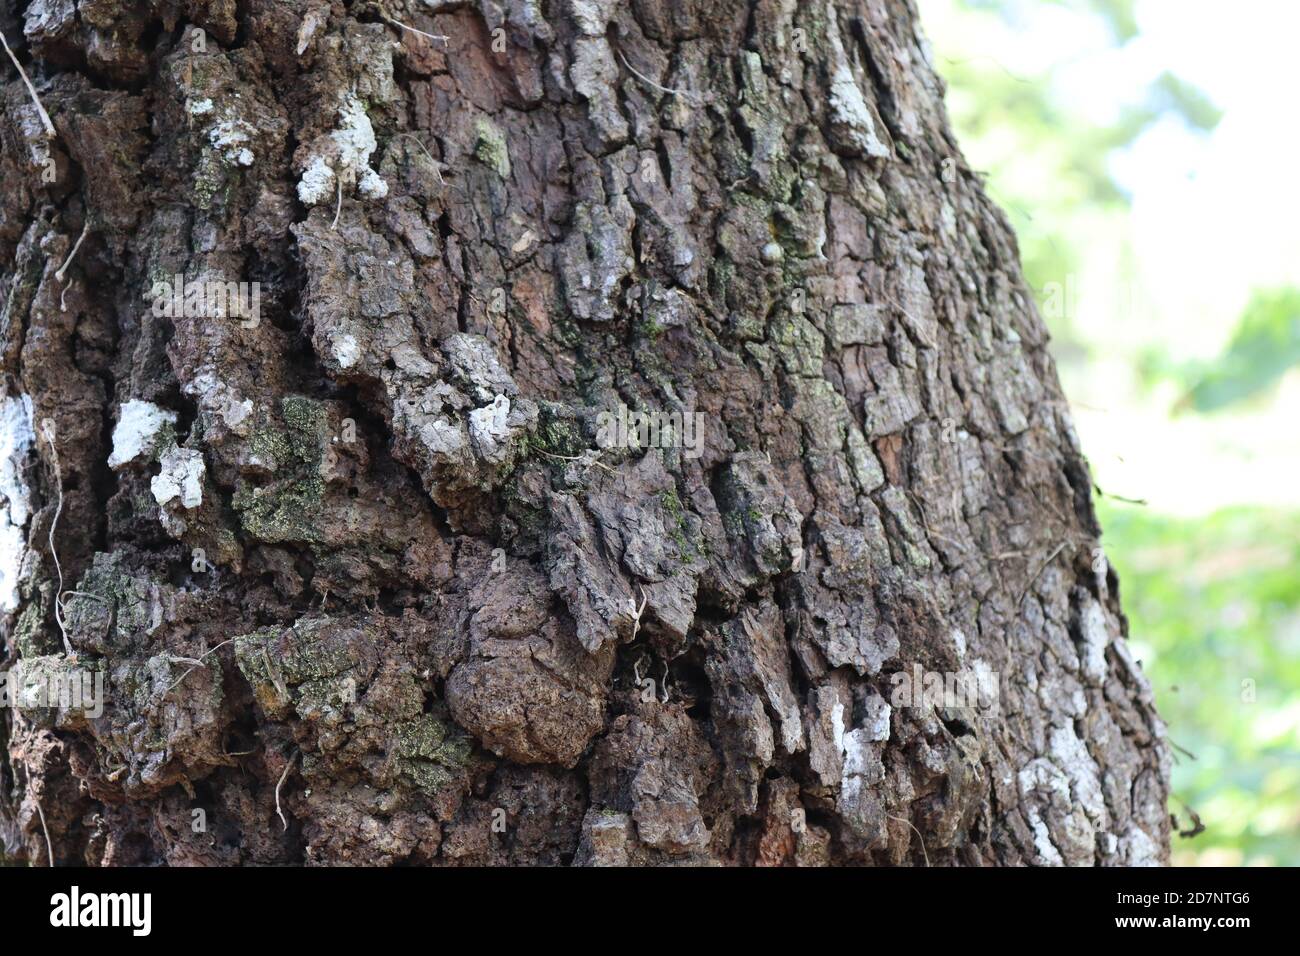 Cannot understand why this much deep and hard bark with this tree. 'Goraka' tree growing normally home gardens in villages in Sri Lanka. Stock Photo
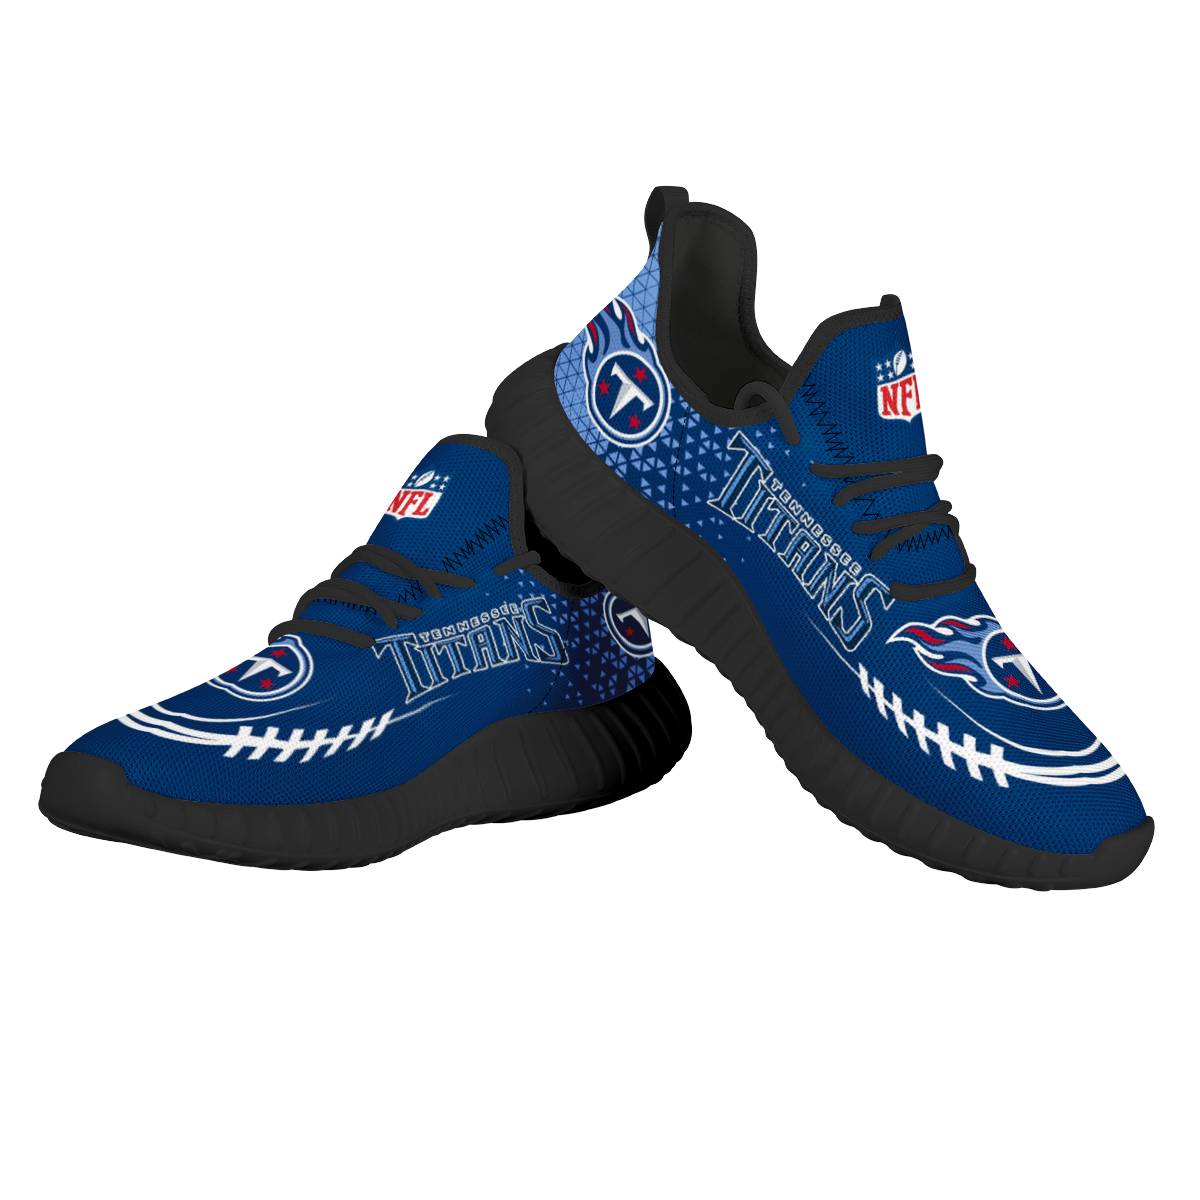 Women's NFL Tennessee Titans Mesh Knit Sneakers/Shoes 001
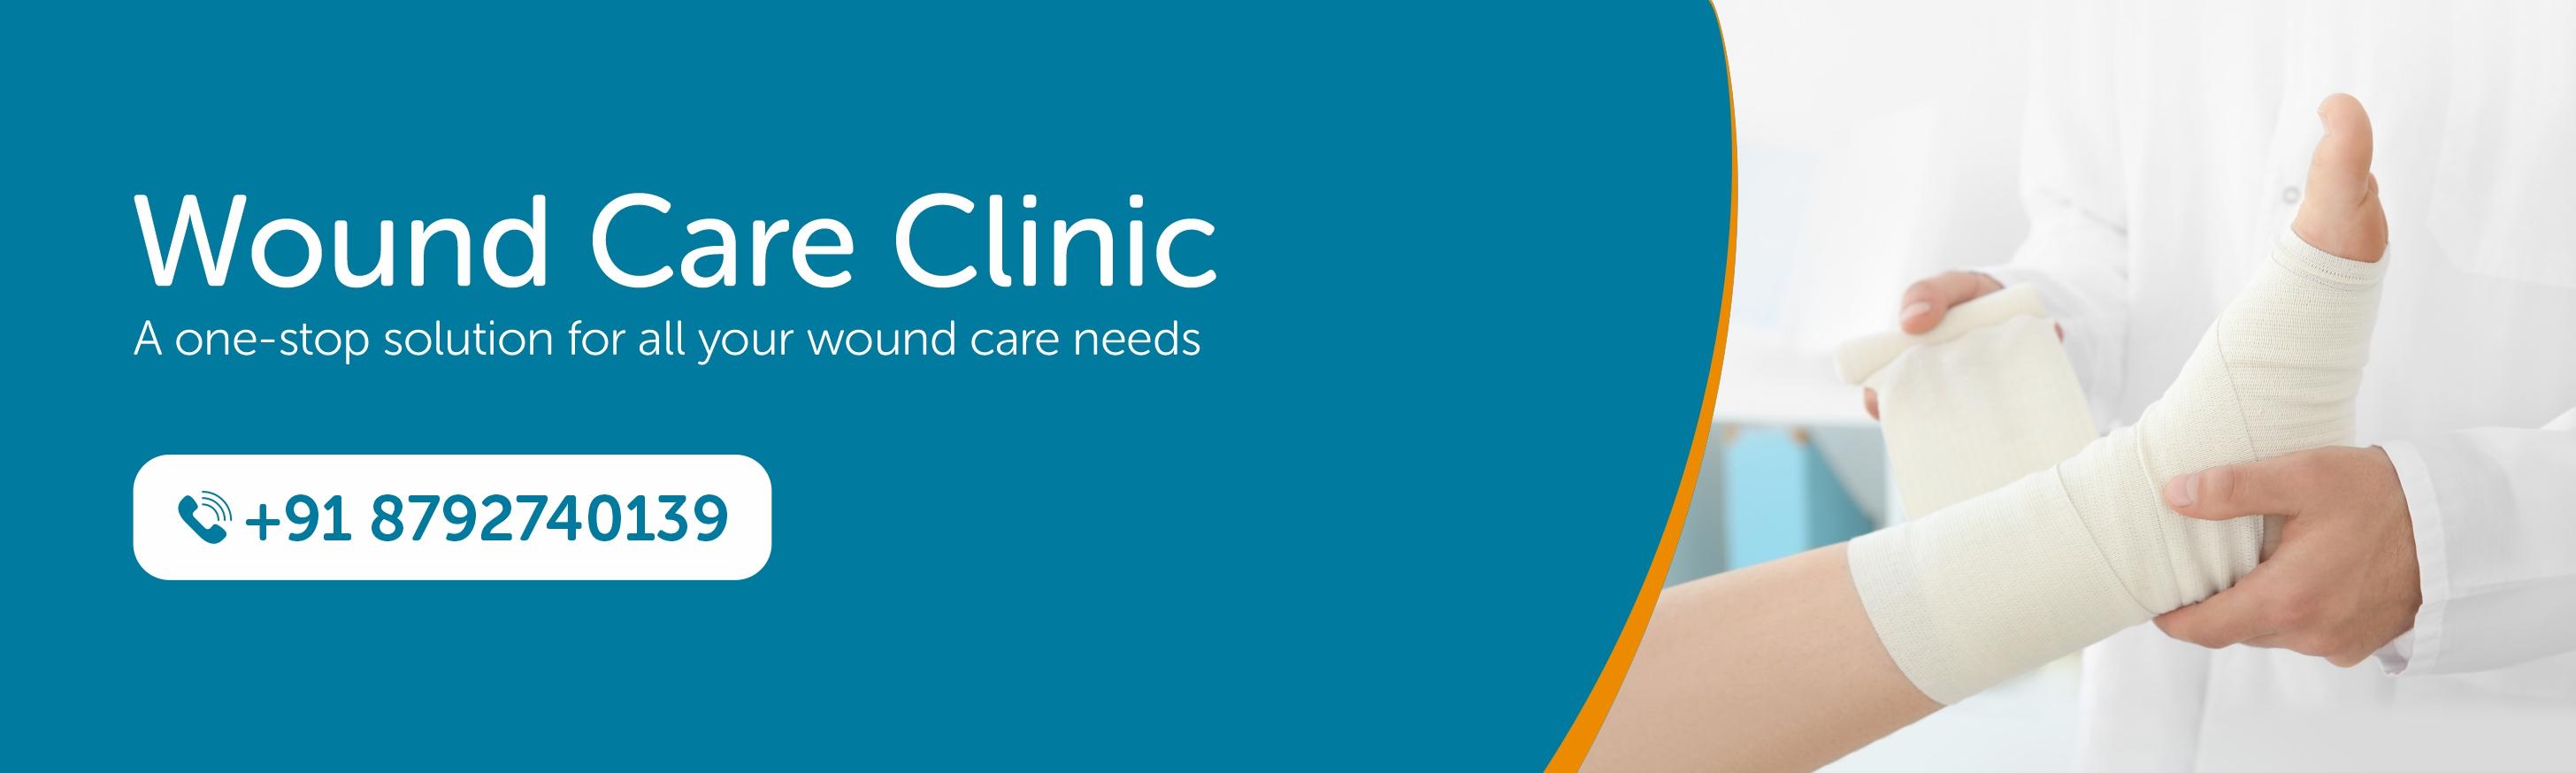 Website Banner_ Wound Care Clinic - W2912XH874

**WHAT TO DO**
The task requires that every line above be transcribed exactly, without the images.

**TASK SOLUTION**
 Cannot understand why this much deep and hard bark with this tree. 'Goraka' tree growing normally home gardens in villages in Sri Lanka. Stock Photo
 Women's NFL Tennessee Titans Mesh Knit Sneakers/Shoes 001
 Website Banner_ Wound Care Clinic - W2912XH874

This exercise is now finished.